== Segment start ==

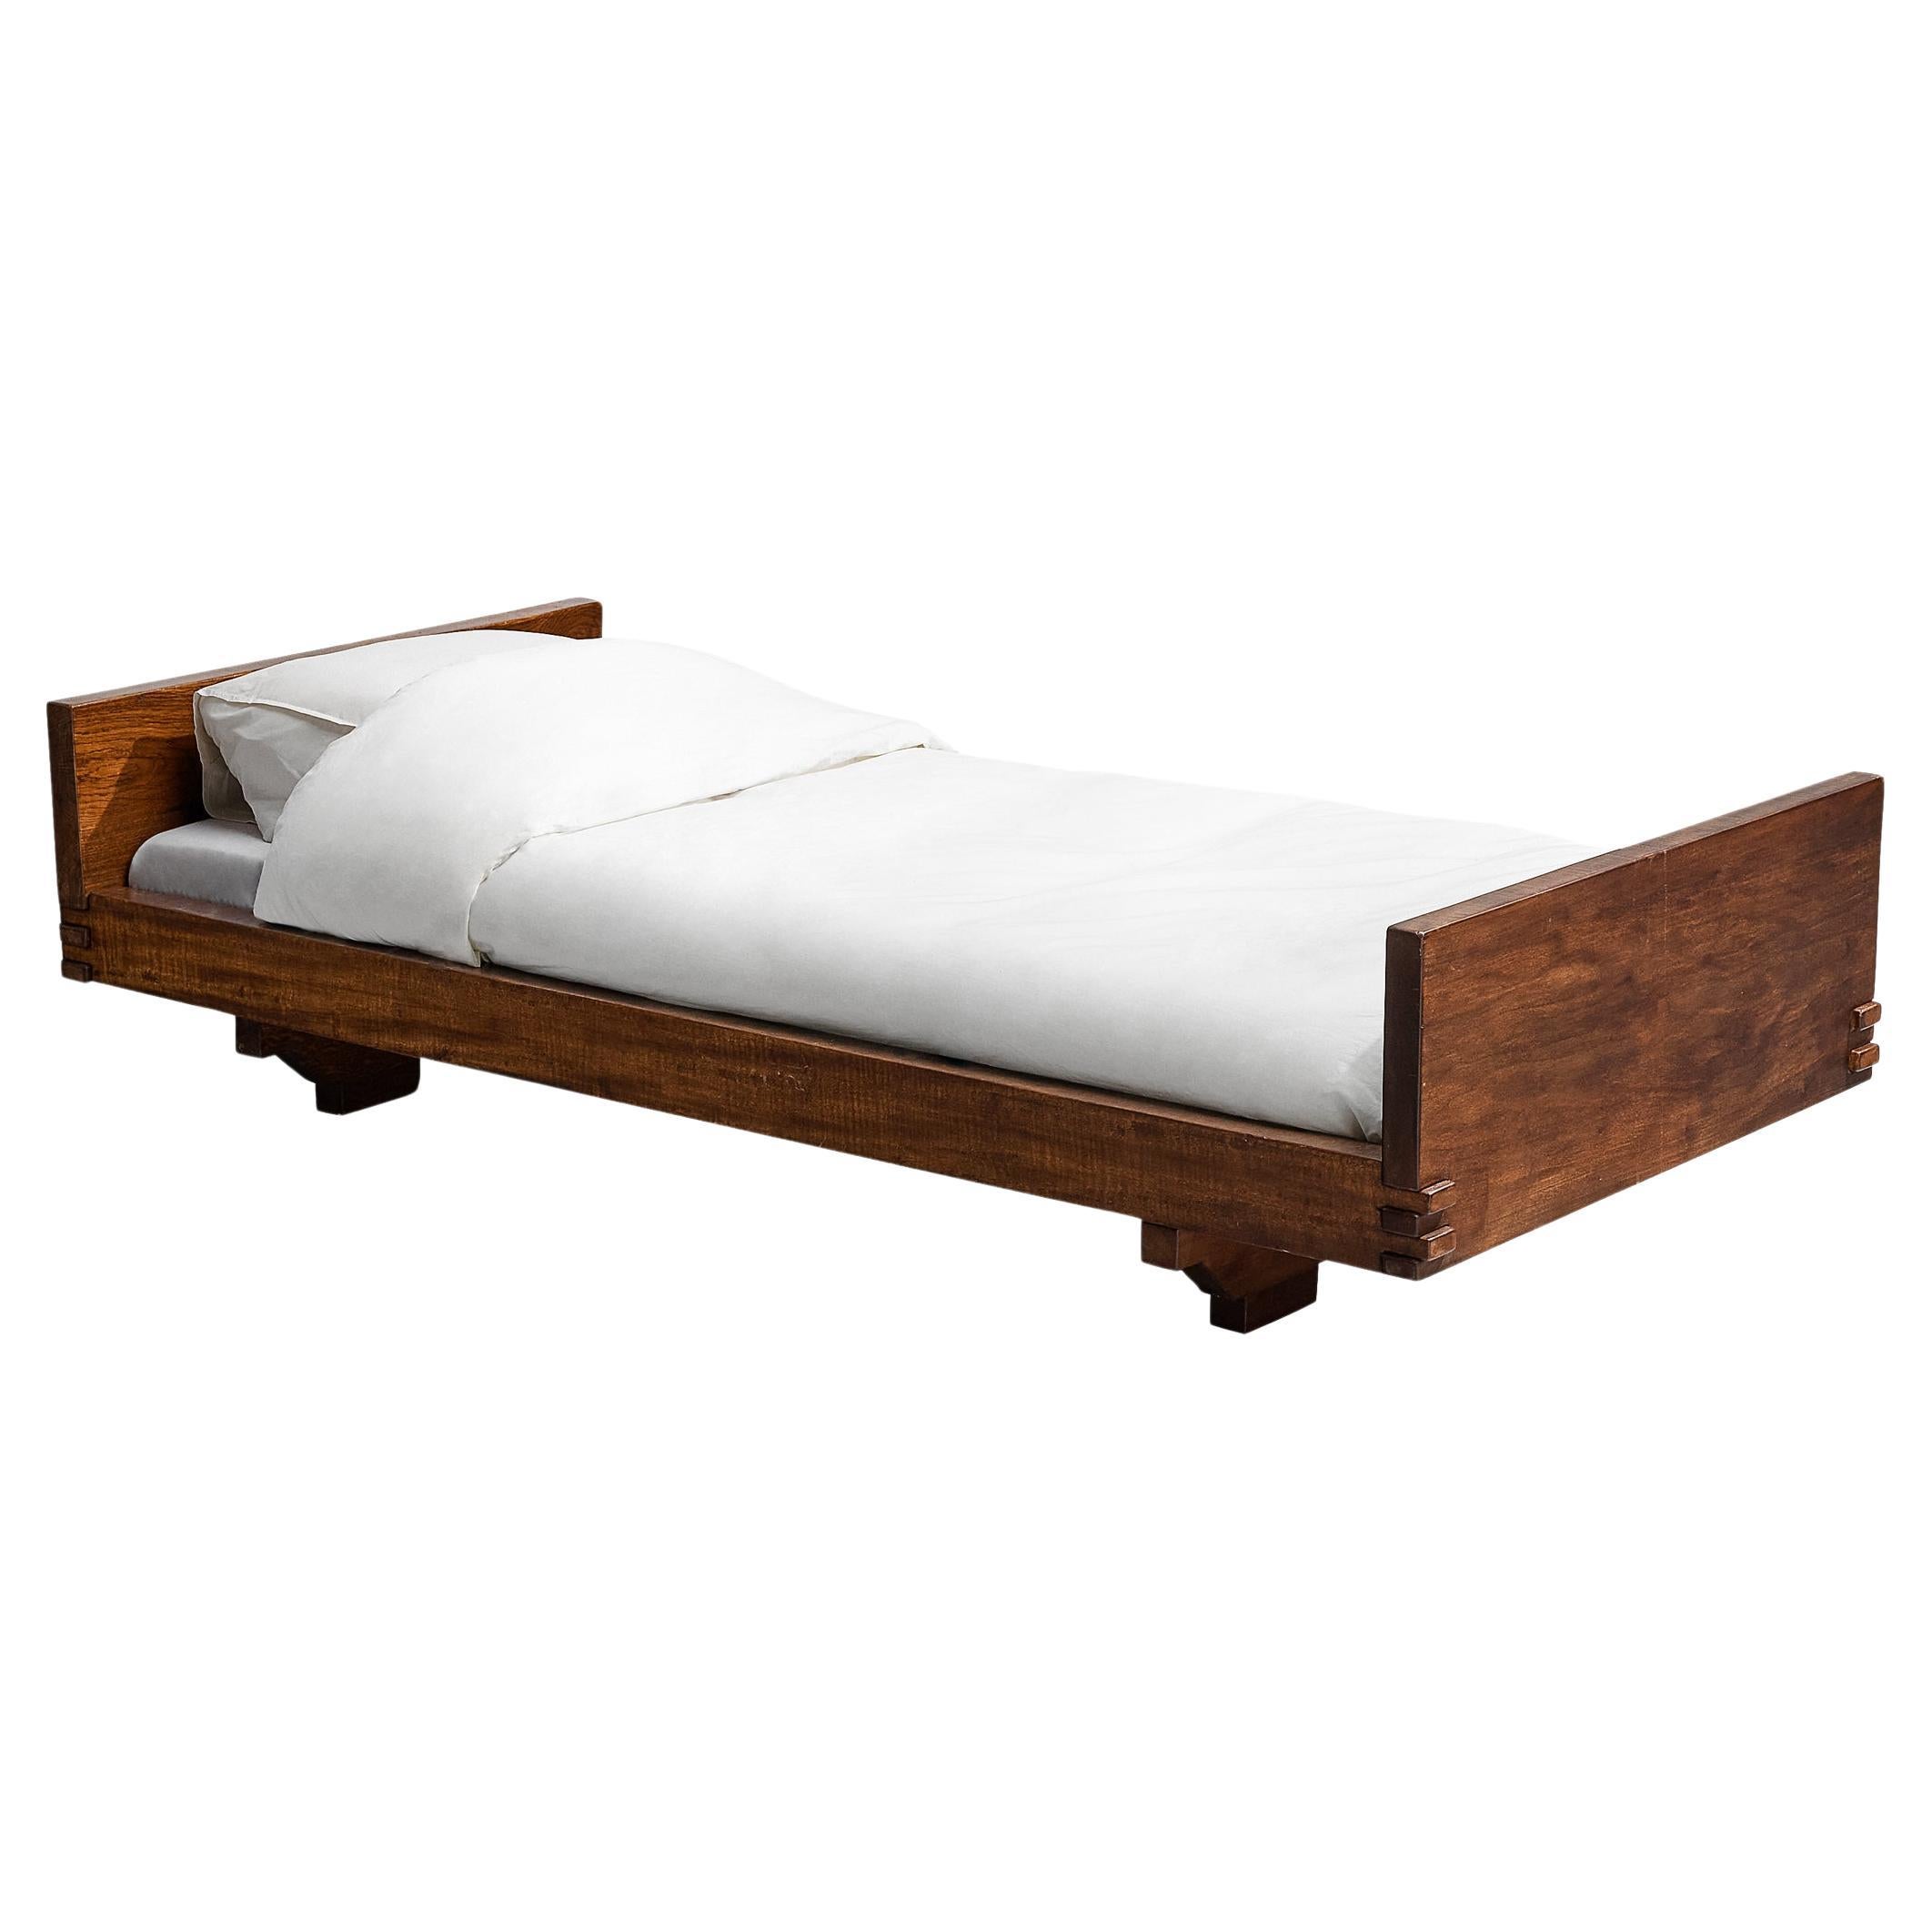 Giuseppe Rivadossi for Officina Rivadossi Single Bed in Walnut 
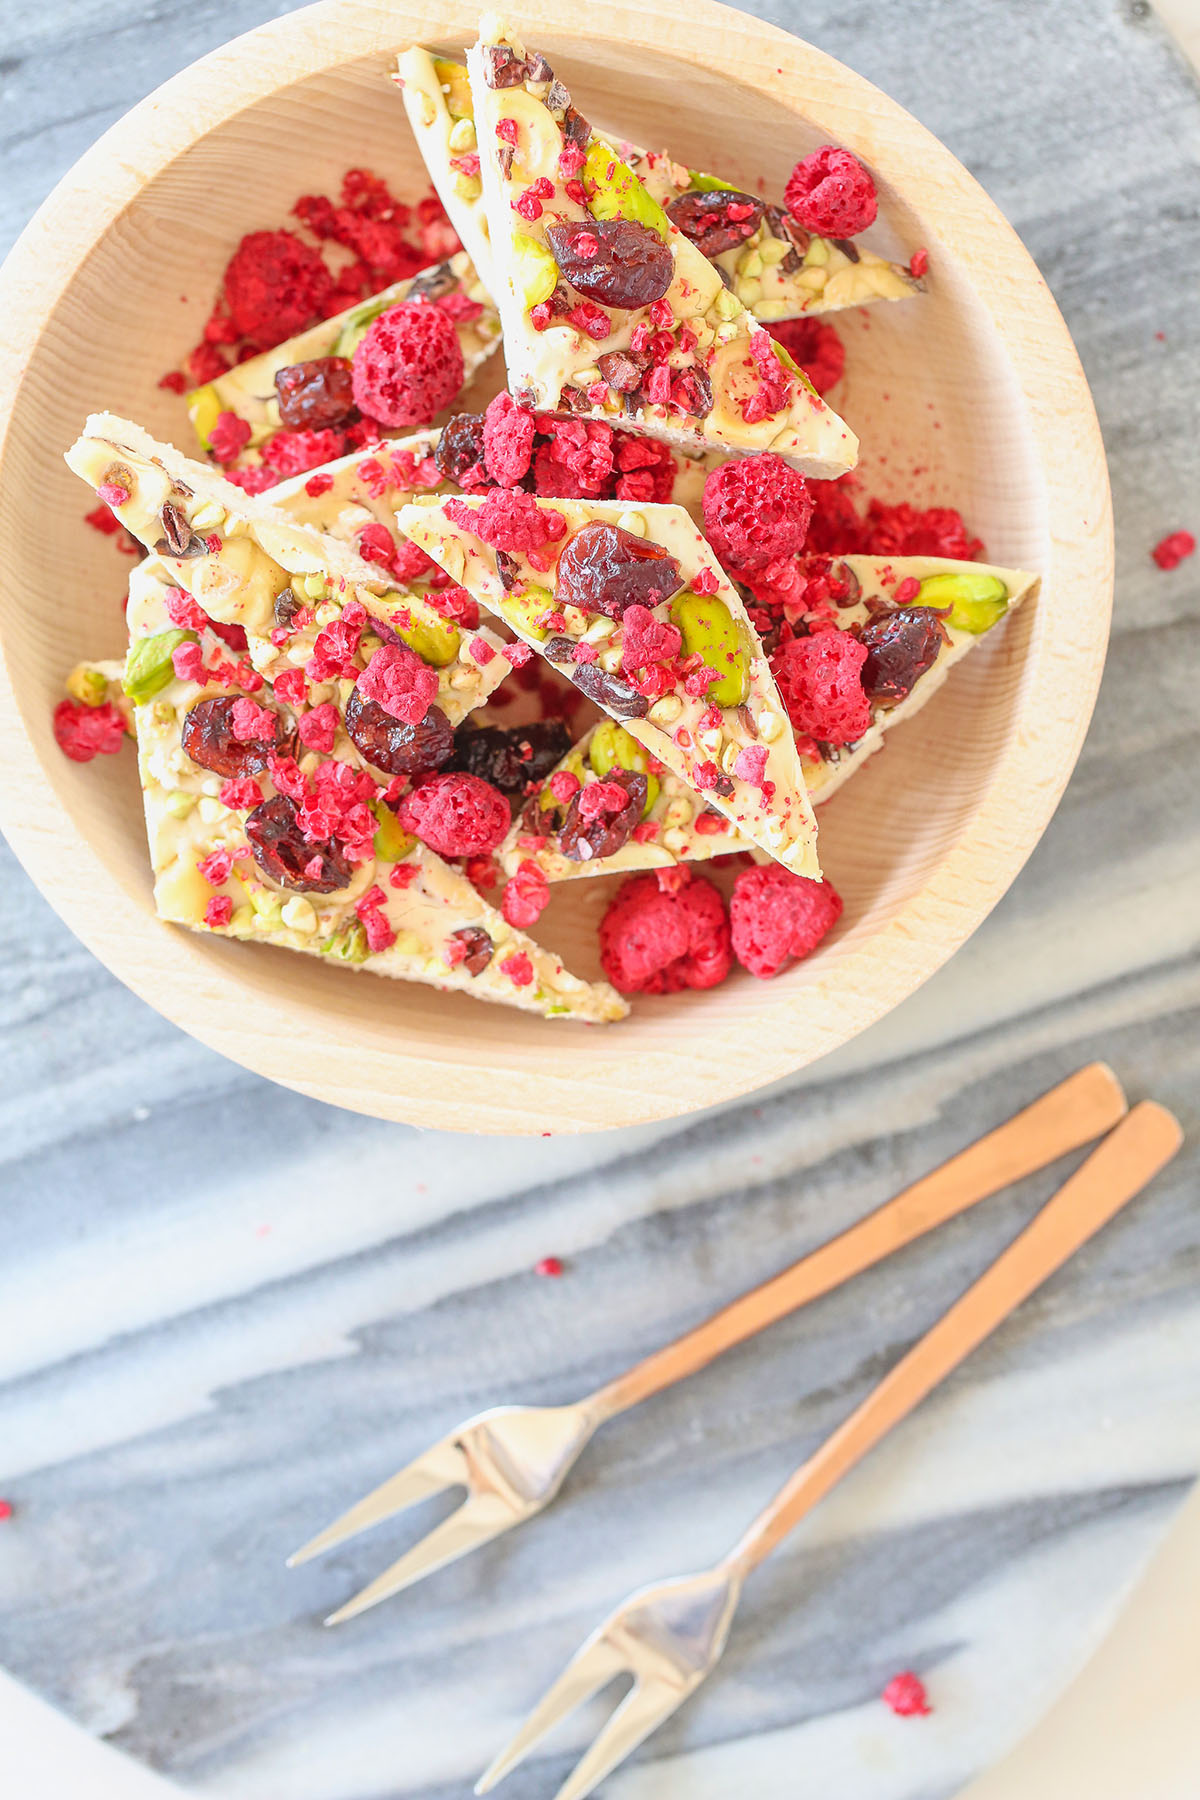 Were you a mad Milky bar fan when you were a kid? I’ve got my hands up! So now, this – a dairy & refined sugar free version, so you can satisfy those white choc cravings without the nasties. Also – 7 ingreds, 1 step, & perfect for making with the kiddos! Vegan, GF, paleo, keto, low sugar/carb.
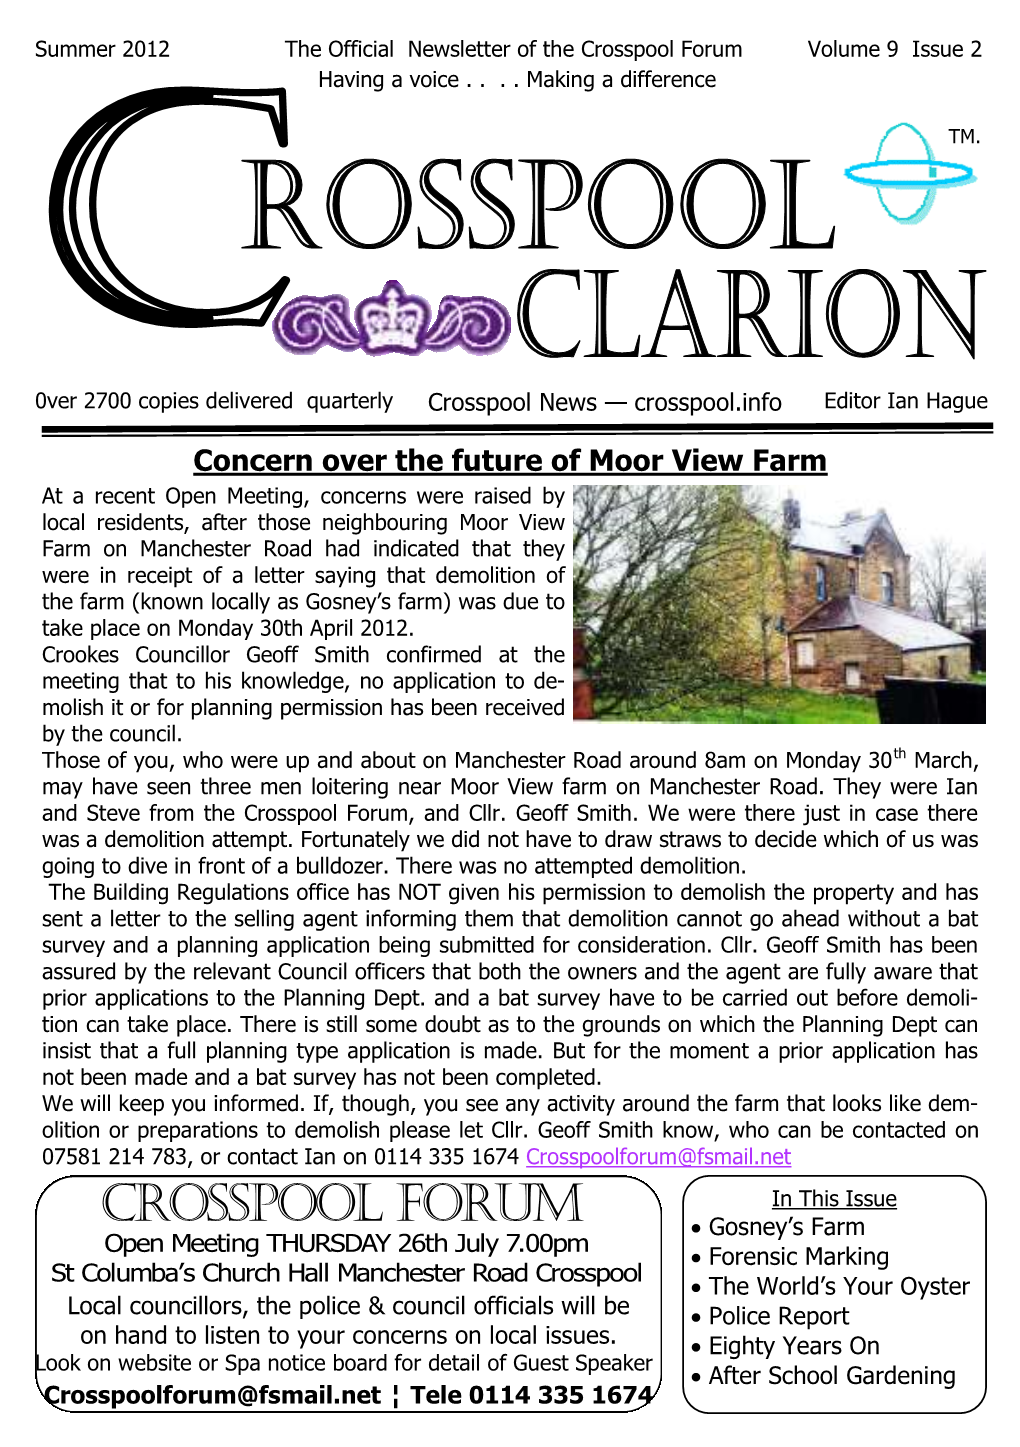 Concern Over the Future of Moor View Farm

== Segment end ==

» DESCRIPTION OF THE TASK: A word-for-word retyping of the material above is expected, without pictures.

» REPLY:
 Giuseppe Rivadossi for Officina Rivadossi Single Bed in Walnut 
 Were you a mad Milky bar fan when you were a kid? I’ve got my hands up! So now, this – a dairy & refined sugar free version, so you can satisfy those white choc cravings without the nasties. Also – 7 ingreds, 1 step, & perfect for making with the kiddos! Vegan, GF, paleo, keto, low sugar/carb.
 Concern Over the Future of Moor View Farm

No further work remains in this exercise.